A child flies a kite at a height of 90 ft , the wind carrying the kite horizontally away from the child at a rate of \( 30 \mathrm{ft} / \mathrm{sec} \). How fast must the child let out the string when the kite is 150 ft away from the child? The child must let out the string at a rate of \( \square \mathrm{ft} / \mathrm{sec} \) when the kite is 150 ft away from the child. (Simplify your answer.)
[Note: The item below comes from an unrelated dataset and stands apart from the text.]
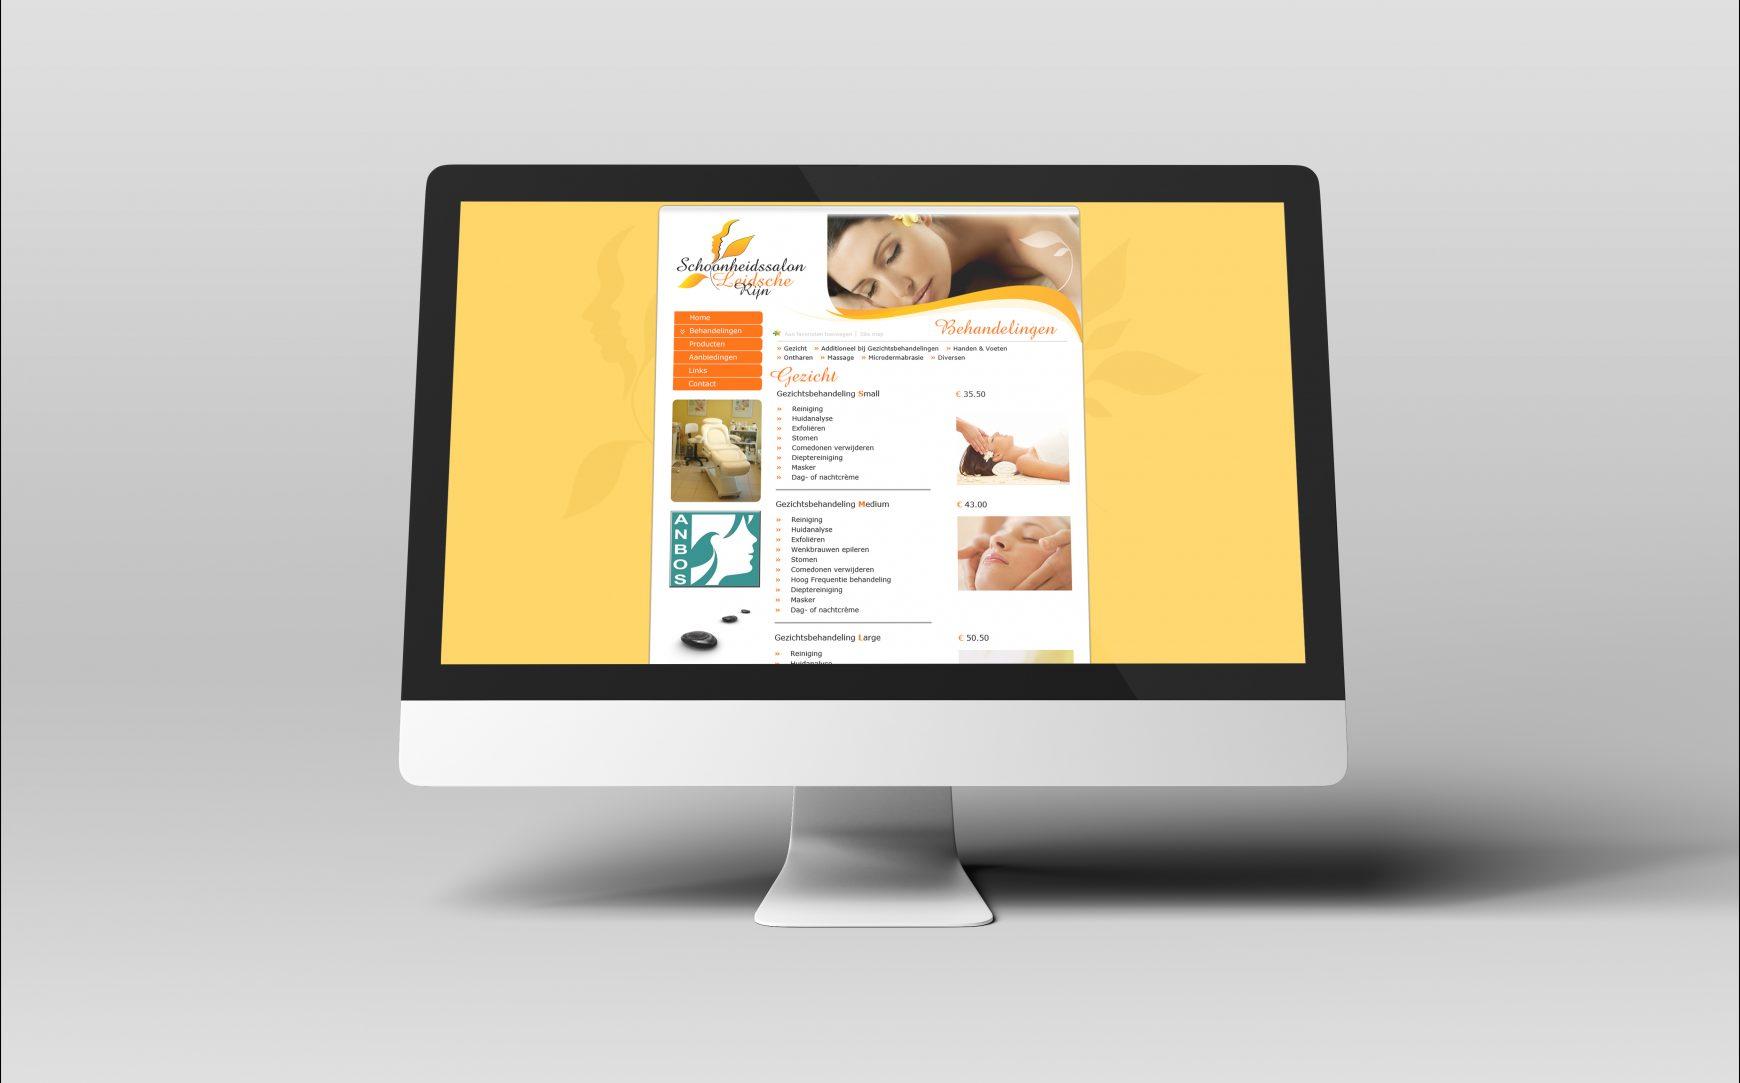 Web site Schoonheidssalon

To solve this problem, we can use the Pythagorean theorem. Let \( x \) be the horizontal distance from the child to the kite, \( y \) be the height of the kite (90 ft), and \( s \) be the length of the string. According to the Pythagorean theorem: \[ s^2 = x^2 + y^2 \] Given that the height \( y \) is constant at 90 ft, we know that when the kite is 150 ft away from the child, \( x \) can be calculated as: \[ s = \sqrt{x^2 + y^2} = \sqrt{x^2 + 90^2} \] Here, we know the total distance from the child to the kite is 150 ft, so: \[ x^2 + 90^2 = 150^2 \] Calculating this gives: \[ x^2 + 8100 = 22500 \implies x^2 = 14400 \implies x = 120 \text{ ft} \] Now, we differentiate both sides with respect to time \( t \): \[ 2s \frac{ds}{dt} = 2x \frac{dx}{dt} + 2y \frac{dy}{dt} \] Since the height \( y = 90 \text{ ft} \) is constant, \( \frac{dy}{dt} = 0 \). Given \( \frac{dx}{dt} = 30 \text{ ft/sec} \), we substitute: \[ 2s \frac{ds}{dt} = 2x \frac{dx}{dt} \] Substituting \( x = 120 \) ft to find \( s \): \[ s = \sqrt{120^2 + 90^2} = \sqrt{14400 + 8100} = \sqrt{22500} = 150 \text{ ft} \] Now we have: \[ 2(150) \frac{ds}{dt} = 2(120)(30) \] This simplifies to: \[ 300 \frac{ds}{dt} = 7200 \] Dividing both sides by 300: \[ \frac{ds}{dt} = \frac{7200}{300} = 24 \text{ ft/sec} \] Thus, the child must let out the string at a rate of \( 24 \text{ ft/sec} \) when the kite is 150 ft away from the child.